According to some who have testified, Libby told the grand jury that he first learned Plame's name from reporters. But it was the vice president, according to a New York Times report, who mentioned Plame's CIA connection to Libby on June 12, 2003, a month before her name became public.

The name of Rove, the president's most powerful adviser, is also in the mix of top officials who may be slapped by the grand jury. The Los Angeles Times reports that prosecutors questioned a former West Wing colleague of Rove's about contacts he had with reporters leading up to the leak.

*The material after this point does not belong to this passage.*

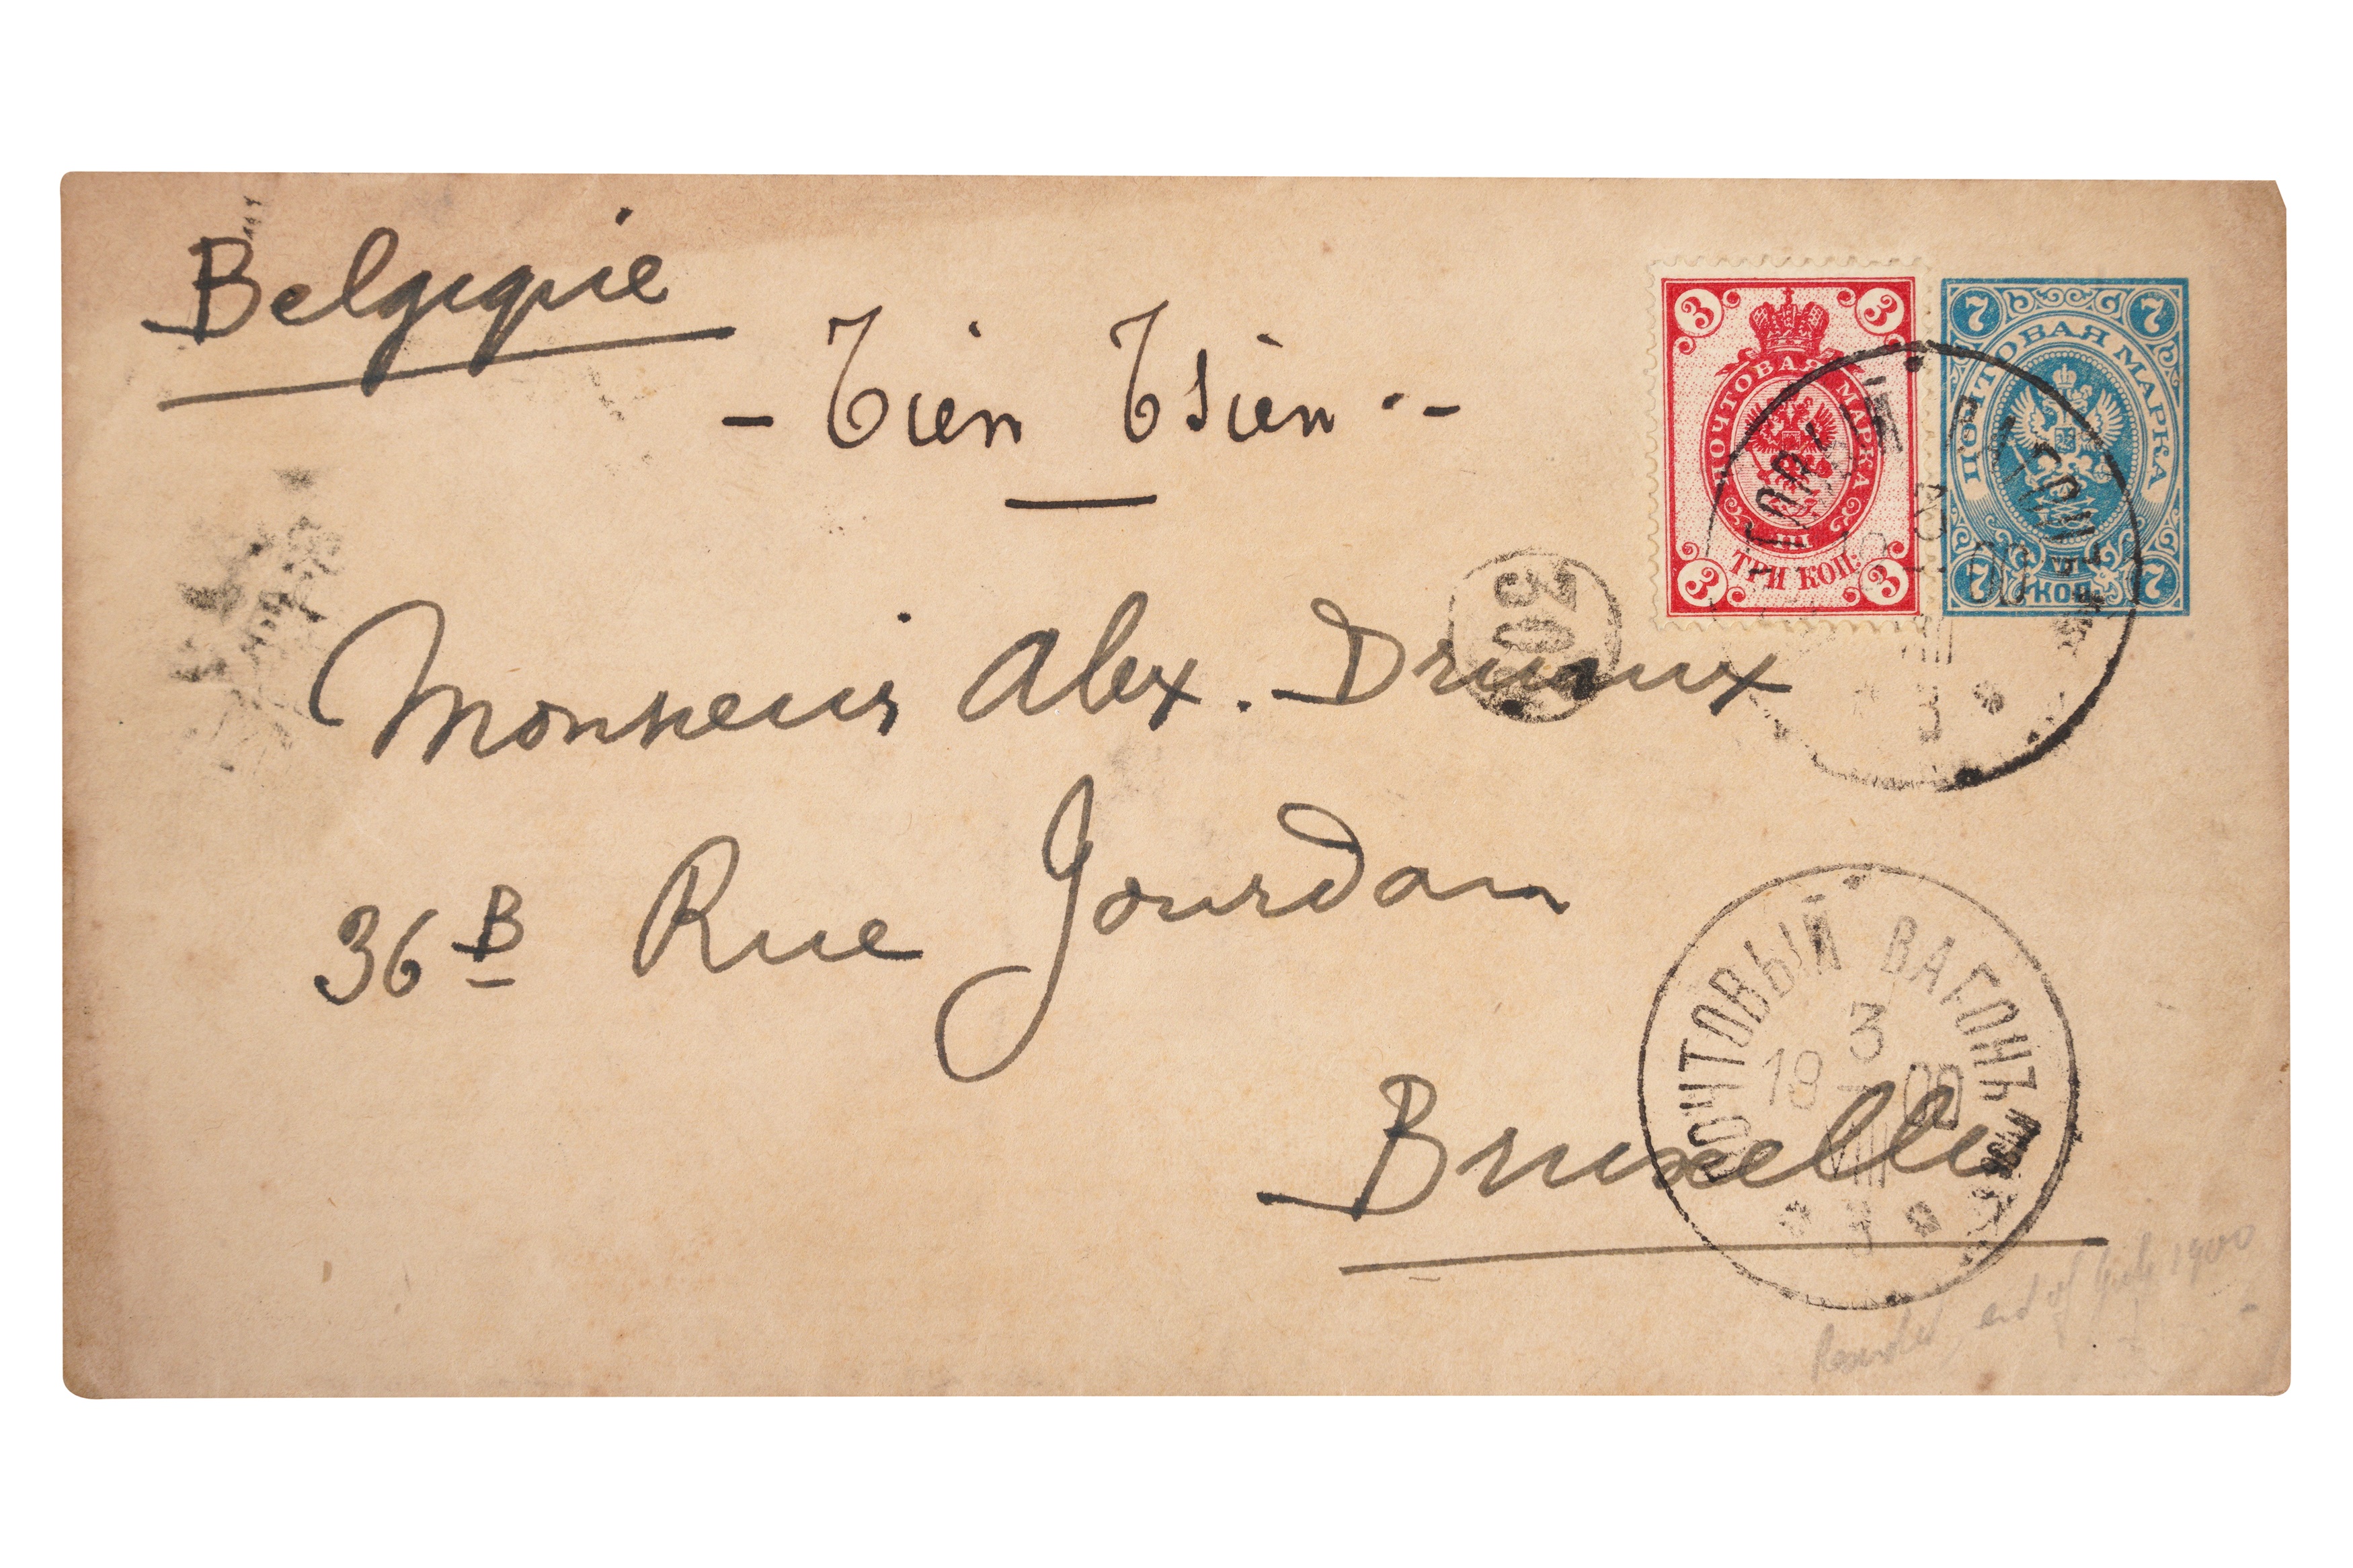 RUSSIAN P.O CHINA STATIONERY 1900 BELGIAN CONSUL TIENTSIN Preview: Barley Mow

If such officials as Rove or Libby are named by the grand jury, President Bush will need to get replacements quickly,

said on The Early Show.

"Historically there have been a lot of turnovers in the White House. This one hasn't had many," Rollins said.

Columnist Robert Novak disclosed Plame's name on July 14, 2003, eight days after Wilson said publicly that the Bush administration had twisted intelligence to justify the invasion of Iraq.

The timing of Wilson's criticism was devastating for the Bush White House, which was struggling to come to grips with the fact that no weapons of mass destruction had been found in Iraq.

President Bush's claim that Saddam Hussein had weapons of mass destruction was the administration's main argument for going to war.